── Data

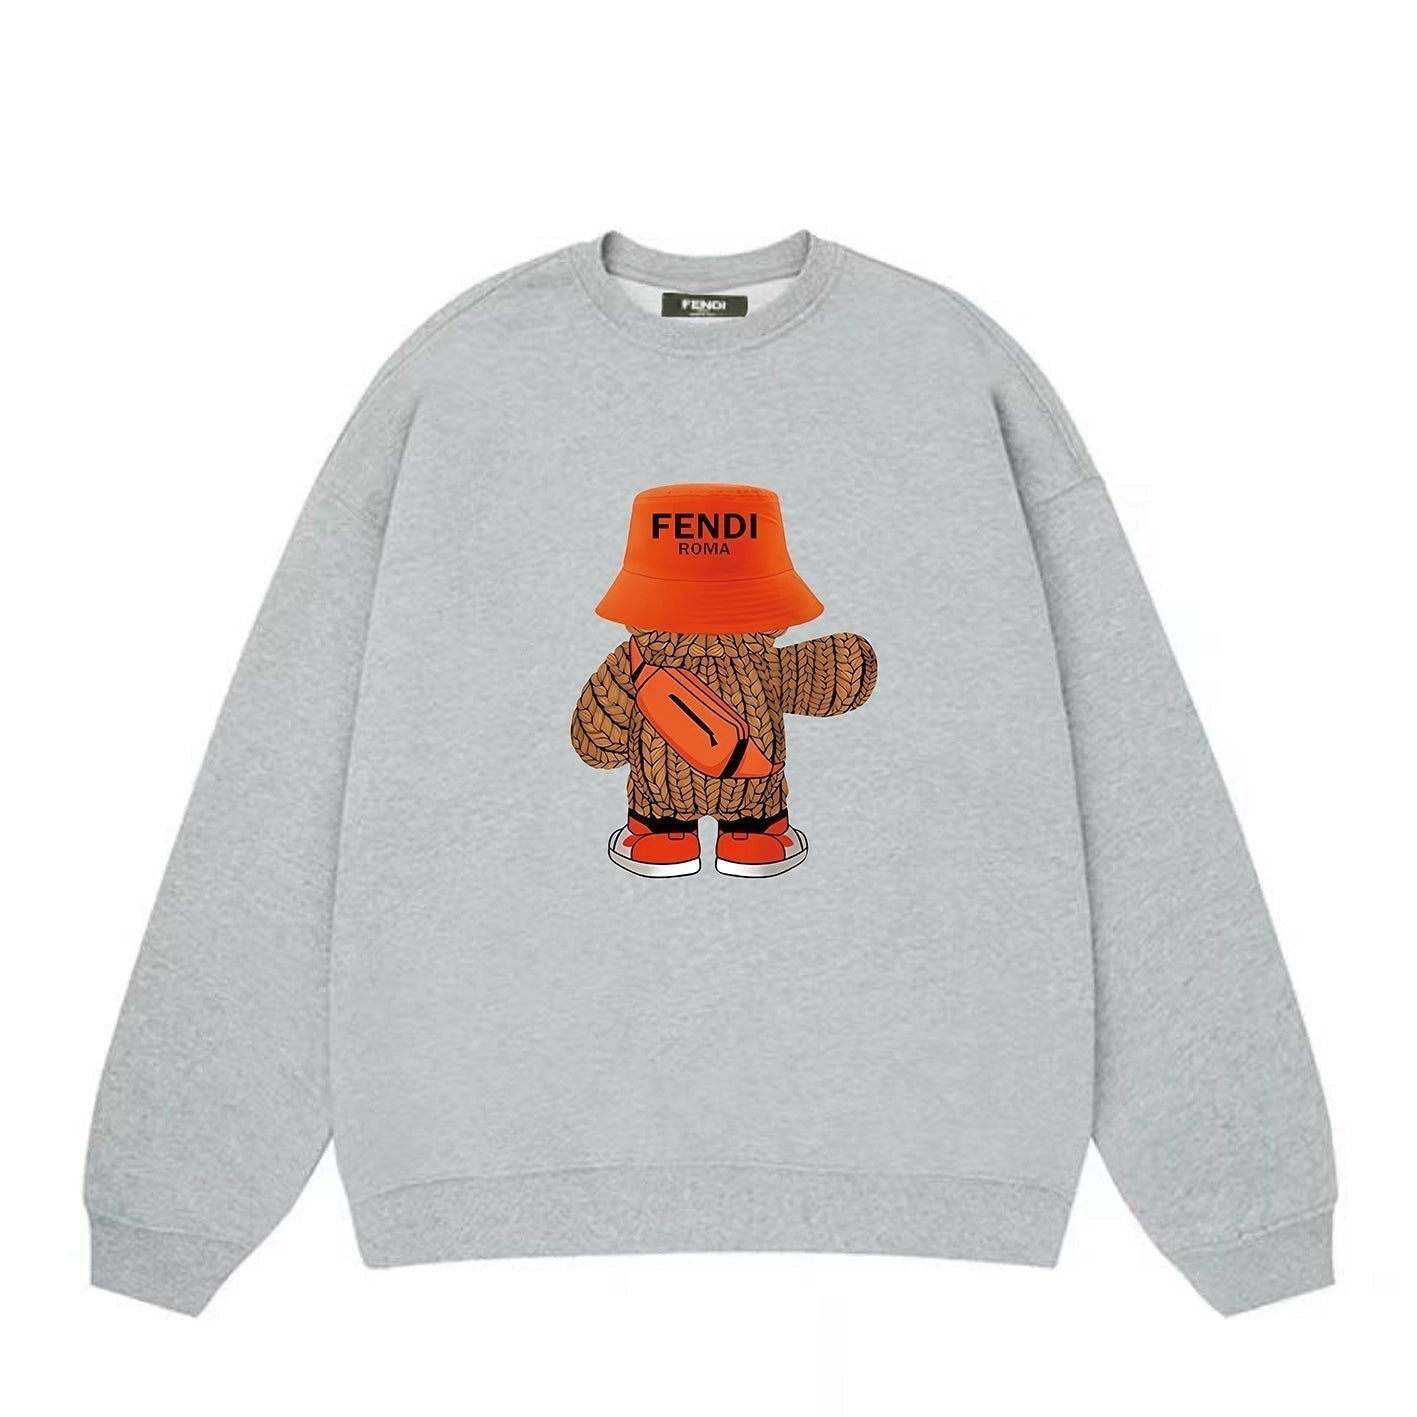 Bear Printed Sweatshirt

────
── Data

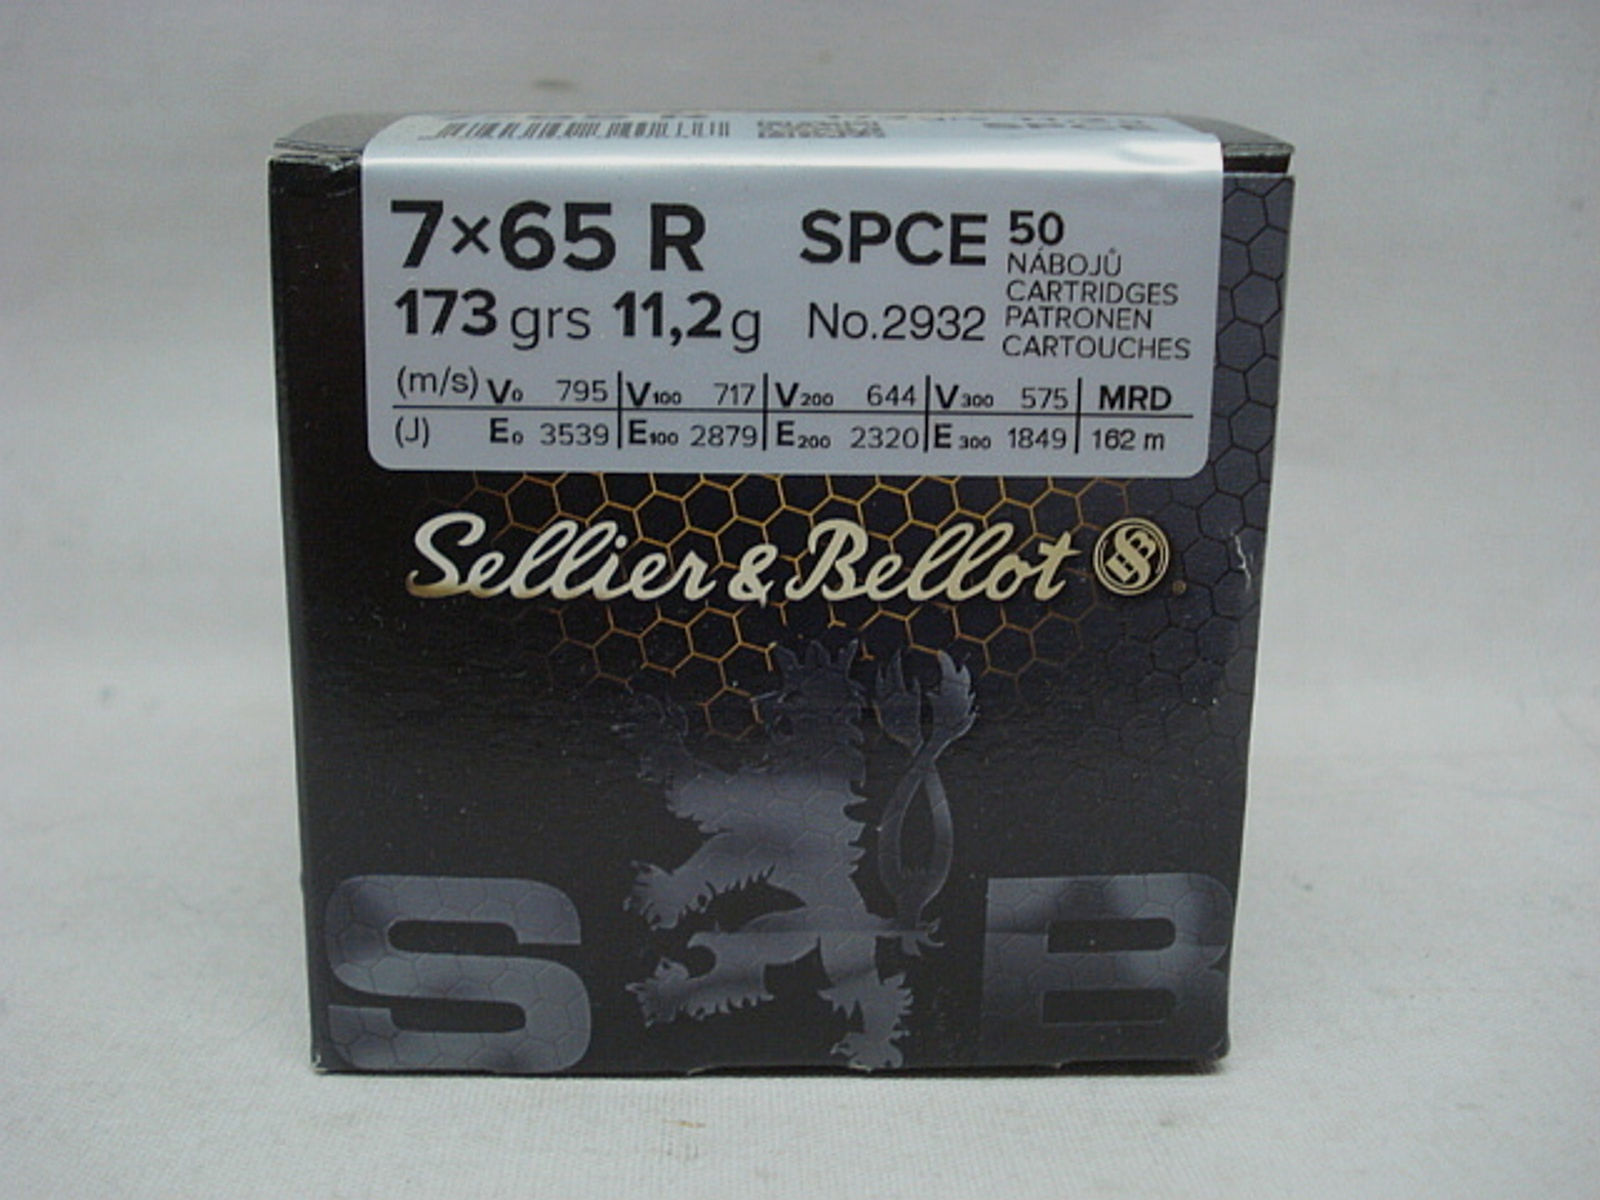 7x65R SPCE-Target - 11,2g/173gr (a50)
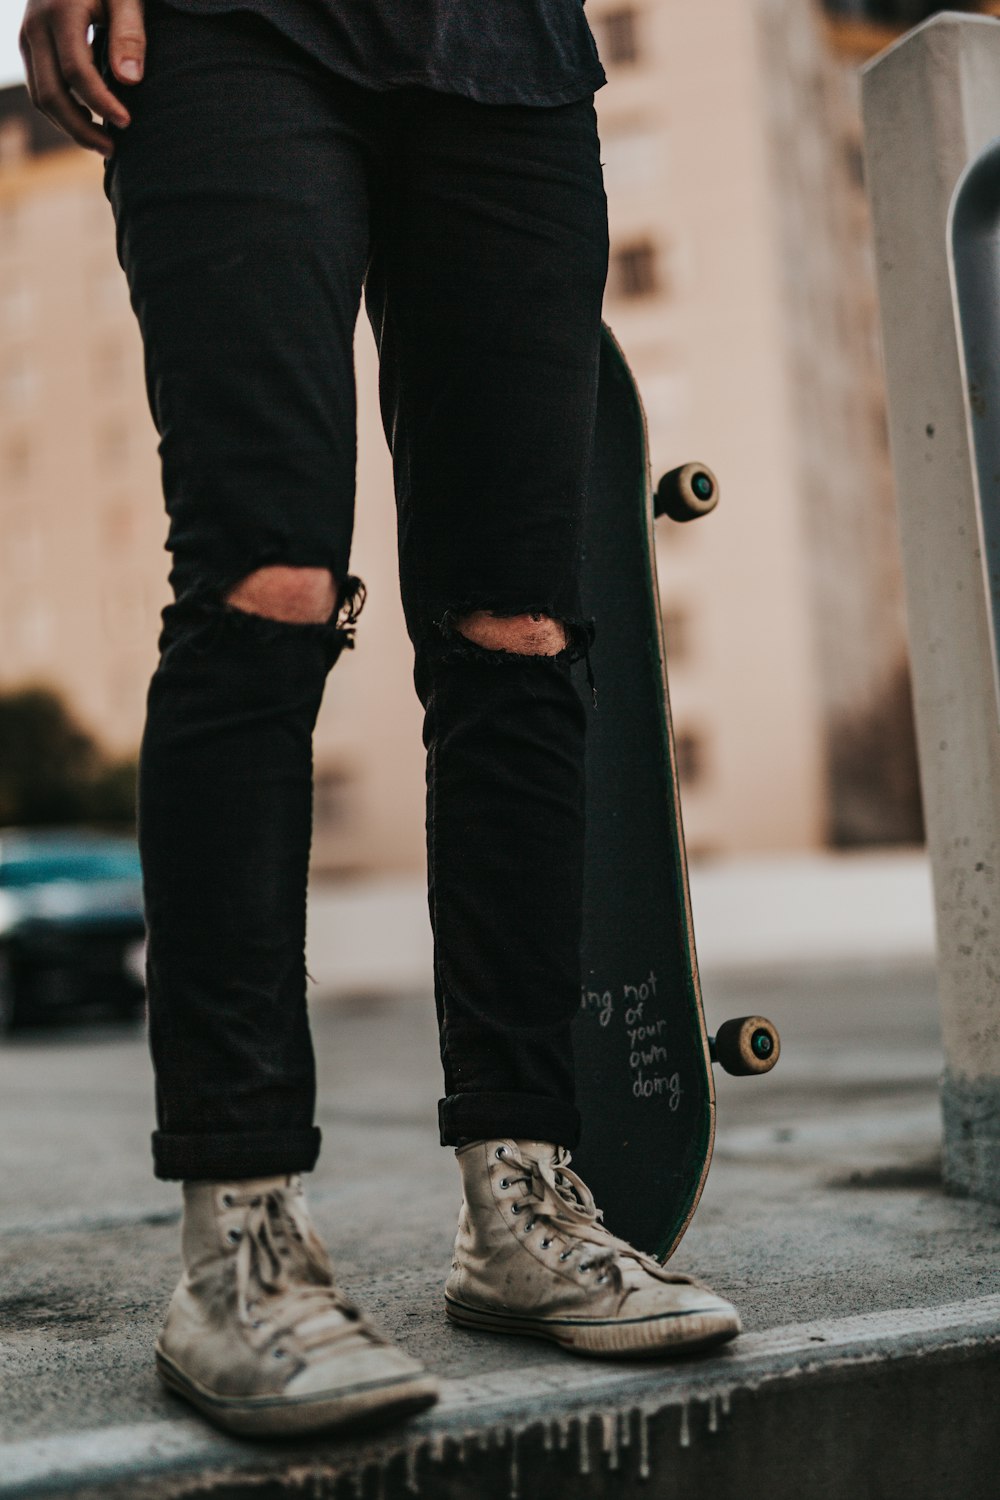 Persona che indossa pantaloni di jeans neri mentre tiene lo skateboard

────

• [Task prompt]
Above this task is a listing with pictures in it. Retype only the lines from the one containing "7x65R SPCE-Target - 11,2g/173gr (a50)" through the one containing "Persona che indossa", both included, and not the pictures.

• [Output of the task]
 7x65R SPCE-Target - 11,2g/173gr (a50)
 Persona che indossa pantaloni di jeans neri mentre tiene lo skateboard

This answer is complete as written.